Поэтому, когда поступило ко мне четыре года назад приглашение перевести заново «Преступление и наказание», я, как и герой Достоевского, находился «как бы в нерешимости». Лежал у себя в каморке на турецком (ну хорошо — английском) диване и терзал себя вопросами: нужен ли новый перевод (девятый, десятый или двадцатый) этого шедевра мировой литературы? Сумею ли я сказать новое слово? (Хотя, скажу в скобках, я всегда был убеждён, что за новизной переводчику не следует бежать — она сама появится, если перевод хорош.) Не лучше ли заниматься — как доселе занимался — новыми или непереведёнными текстами? Вошь ли я или право имею…
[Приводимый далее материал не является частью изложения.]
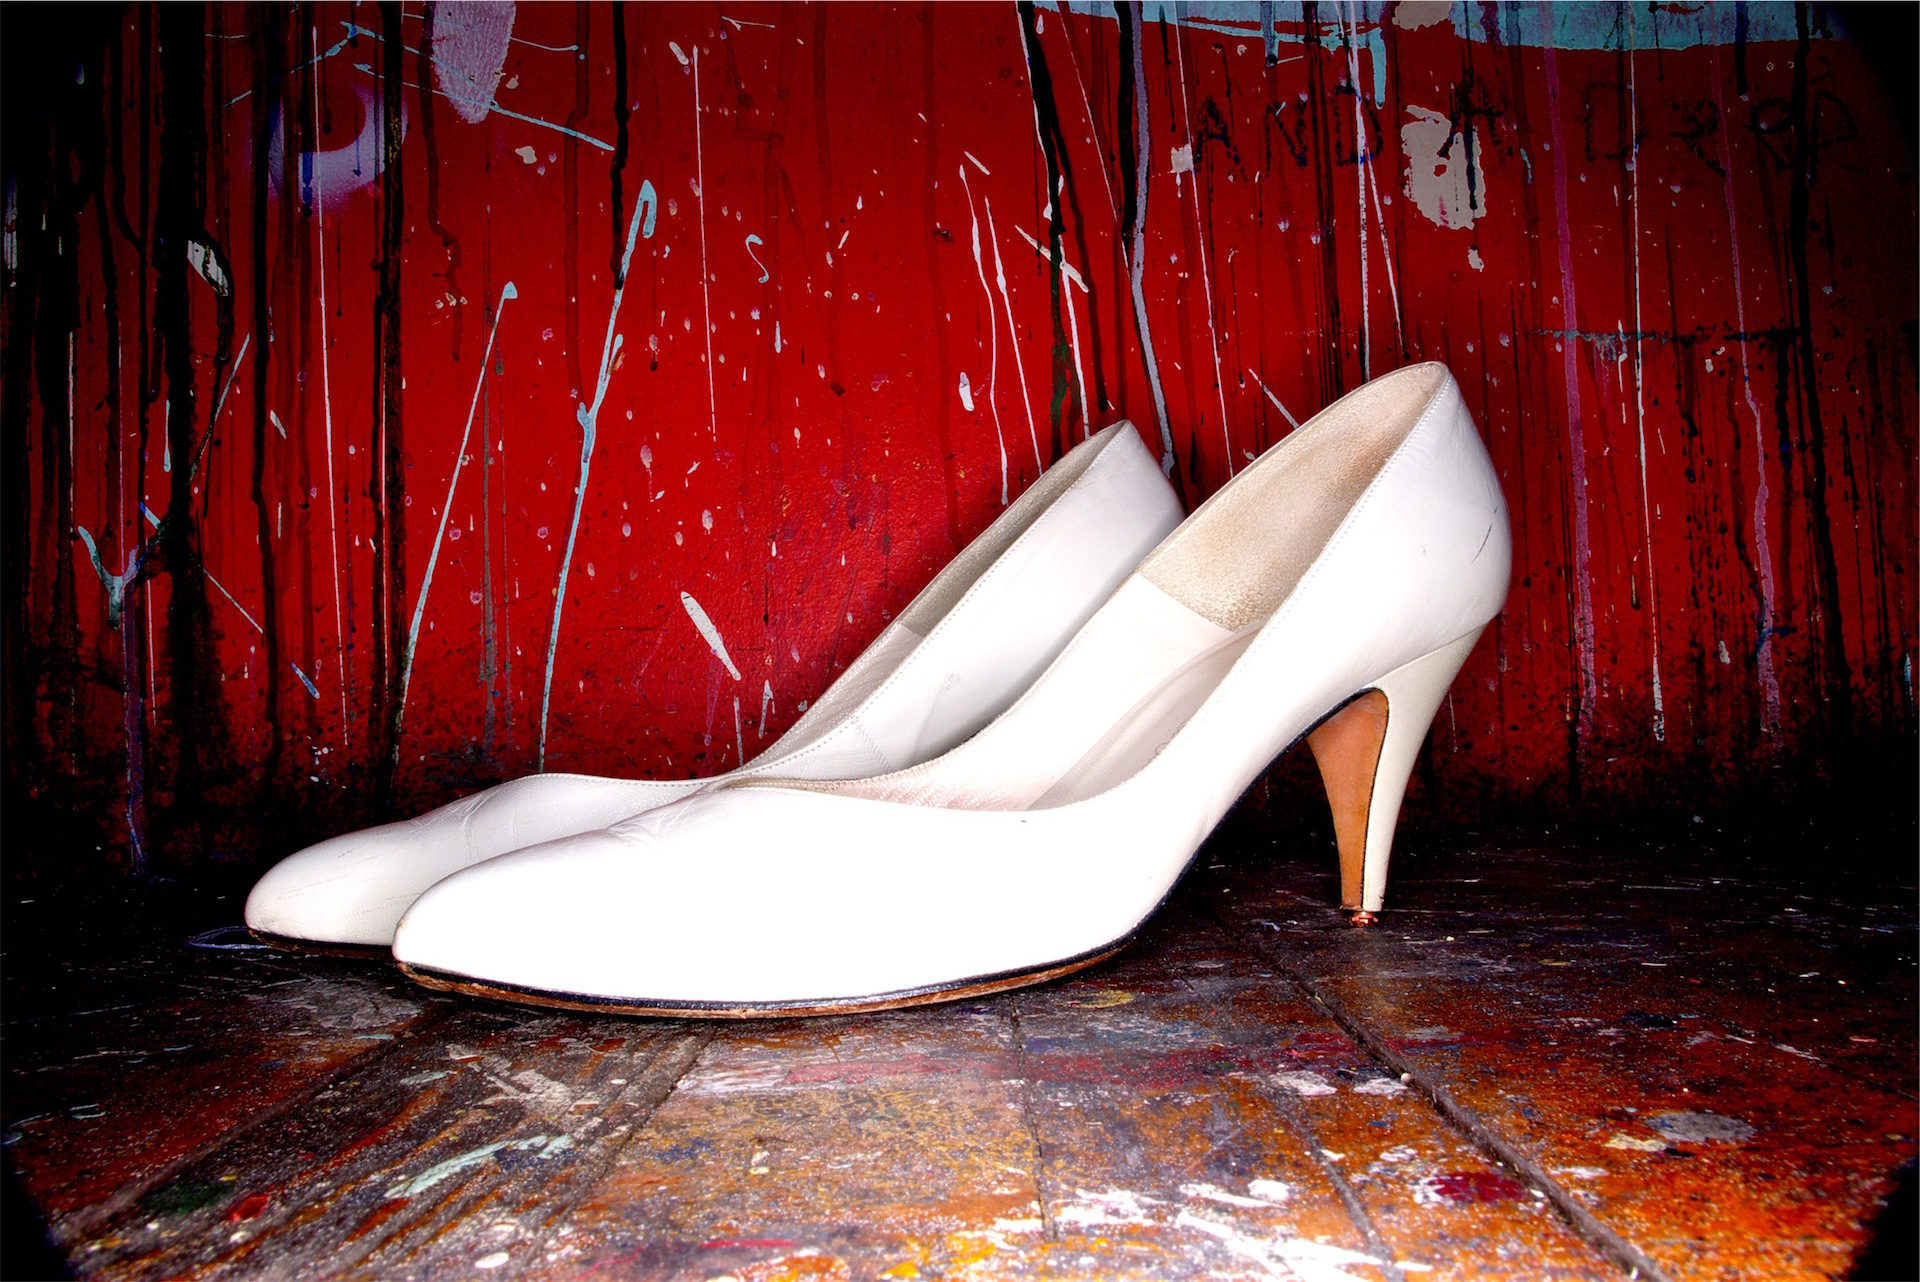 sapatos, sapatos de salto altos, pintura, manchas, Branco - Papéis de parede HD - Professor-falken.com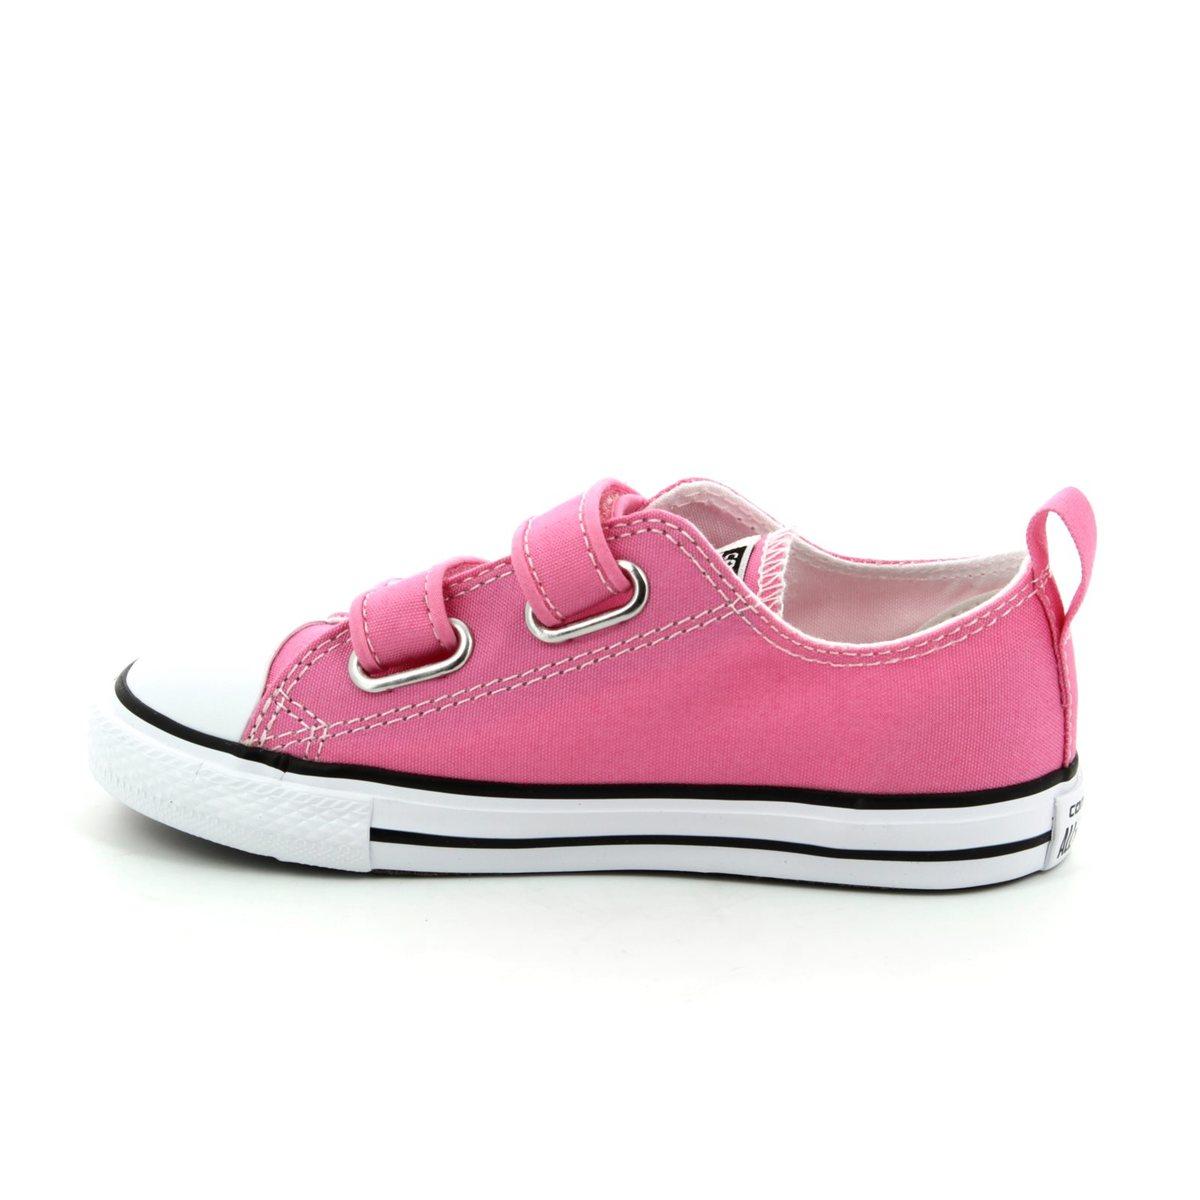 Converse Trainers - Pink - 709447F 650 CHUCK TAYLOR ALLSTAR 2V Velcro f53973b44b60d

Но Раскольников именно «как бы в нерешительности» — и я тоже. На самом деле, для относительно молодого переводчика соблазн перевести Достоевского слишком велик. Это не только — и не столько — вопрос престижа и денежного вознаграждения, хотя о них современному переводчику приходится думать не меньше, чем приходилось самому Достоевскому. В первую очередь «Преступление и наказание» — это целая школа для переводчика. Как справляться с его известной полифонией, с ломаным ритмом повествования (особенно в первой части романа), с изобилием неопределённых местоимений и усилительных частиц (все эти «даже», «всё-таки», «какой-нибудь», «как-нибудь»)? Как быть с частыми повторениями одних и тех же многозначных слов? Как воспроизвести речь и интонацию Порфирия Петровича, Разумихина, Мармеладова, Пульхерии Александровны и других? А юмор? Борьба с такими задачами — сама по себе оправдание для переводчика, если не для публики в целом. Удержался бы, наверно, только Набоков, который отнёсся к Достоевскому с такой вопиющей неблагодарностью.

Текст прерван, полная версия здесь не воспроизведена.